As for the hallway track…
- Adriano and Luis from Umit
Last year Adriano showed me Open Monitor, a censorship detector written in python. Sounds familiar? I thought so too, and tried a few times to get them to talk with Ooni Probe and vice versa without success. My impression is that they’re UI developers (a skillset we sorely lack in the tor project) with a rather unscalable backend, while Ooni Probe’s backend is far more mature but lacks any sort of UI for rendering real time censorship information.
I made another stab at getting the two projects to talk, after which the meeting took a weird turn with Adriano arguing that ‘some censorship is good’. Evidently they decided that Open Monitor won’t look for censorship concerning ‘porn or terrorism’. I argued that this was a slippery slope and that censorship monitoring shouldn’t try to pass a moral judgment on the content being censored, but after a time it was clear that we were talking past each other.
I still think that we should leverage their UI expertise, but that’s up to the Ooni Probe devs.
- Open Source Lab
Met with a couple administrators from the OSU’s Open Source Labs. They provide hosting for several of the largest open source projects including Apache and the Linux Foundation. Mostly we talked about amusing legal threats they get for hosting the phpBB project. Evidently lawyers are quite skilled at clicking the ‘this is a phpBB forum’ link followed by ‘hosted by the OSL’ before sending their angry emails. We also talked a bit about setting up non-exit relays. They might be pretty receptive to this if we want to follow up.
- Sumana and Rob from Wikimedia
Unsurprisingly Wikipedia occasionally has issues with spammers using Tor. We talked about some possible options, such as requiring accounts for Tor users to edit with a sort of proof of work in account creation to make ban evasion more of a pita.
- Terri from Python
Mailman 3 is coming, and with it an interface that *doesn’t* look like it came from the 1980s! Most importantly for us, the new version of Mailman provides a forum interface, letting email and forum users communicate by whichever method they prefer. This would be a good answer to our forums ticket. She estimates that it’ll be ready in six months or so.

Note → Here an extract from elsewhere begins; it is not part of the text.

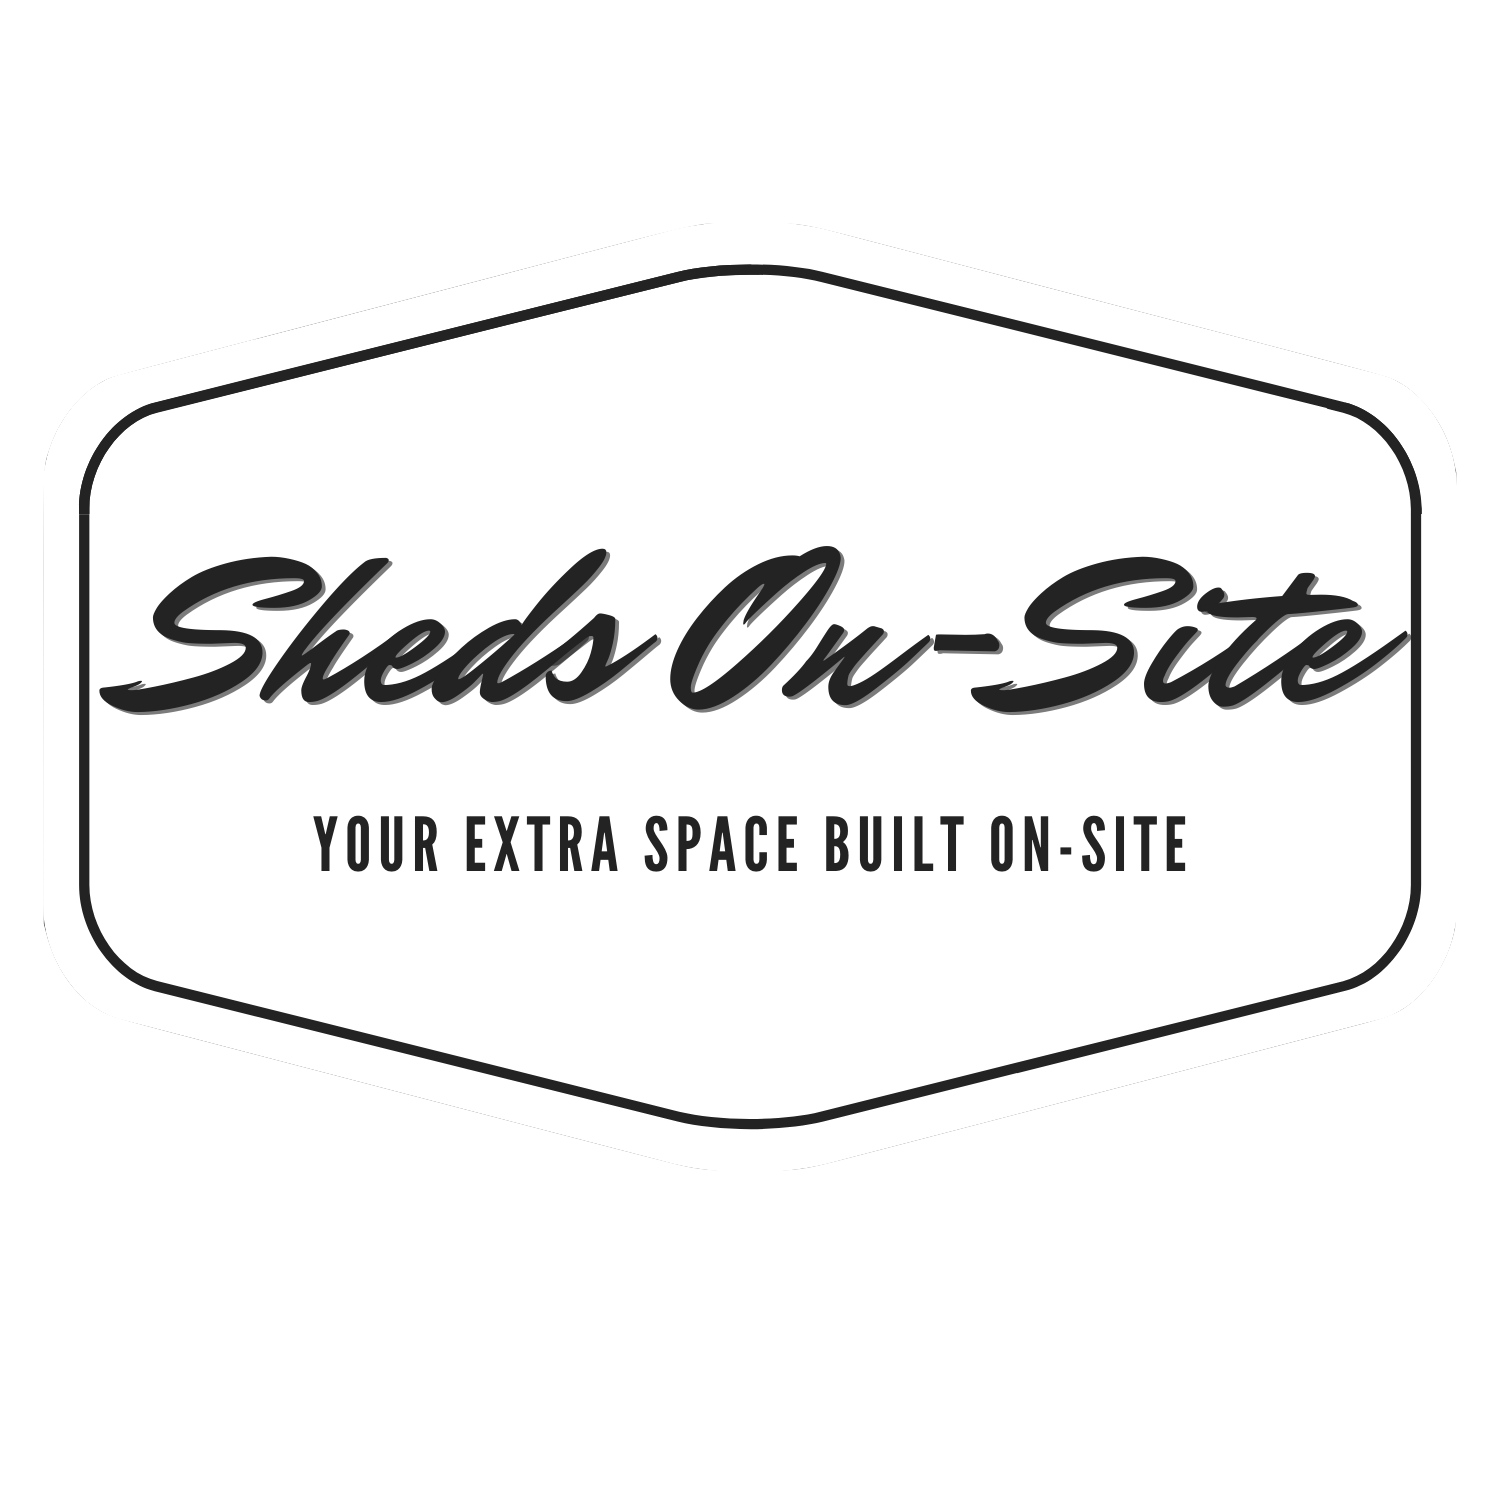 SHEDS ON-SITE LLC

Flying out on Sunday cut my day short, but there was one session that I thought was interesting. Gnome and Wikimedia are launching a program similar to GSoC to encourage more women to get involved with open source. It runs later this winter. One gotcha is that Google’s not involved so mentoring orgs need to cover the $5k stipend.
I like the idea. Is this something we want to take part in? If so then I’d be happy to administer the non-financial parts of it.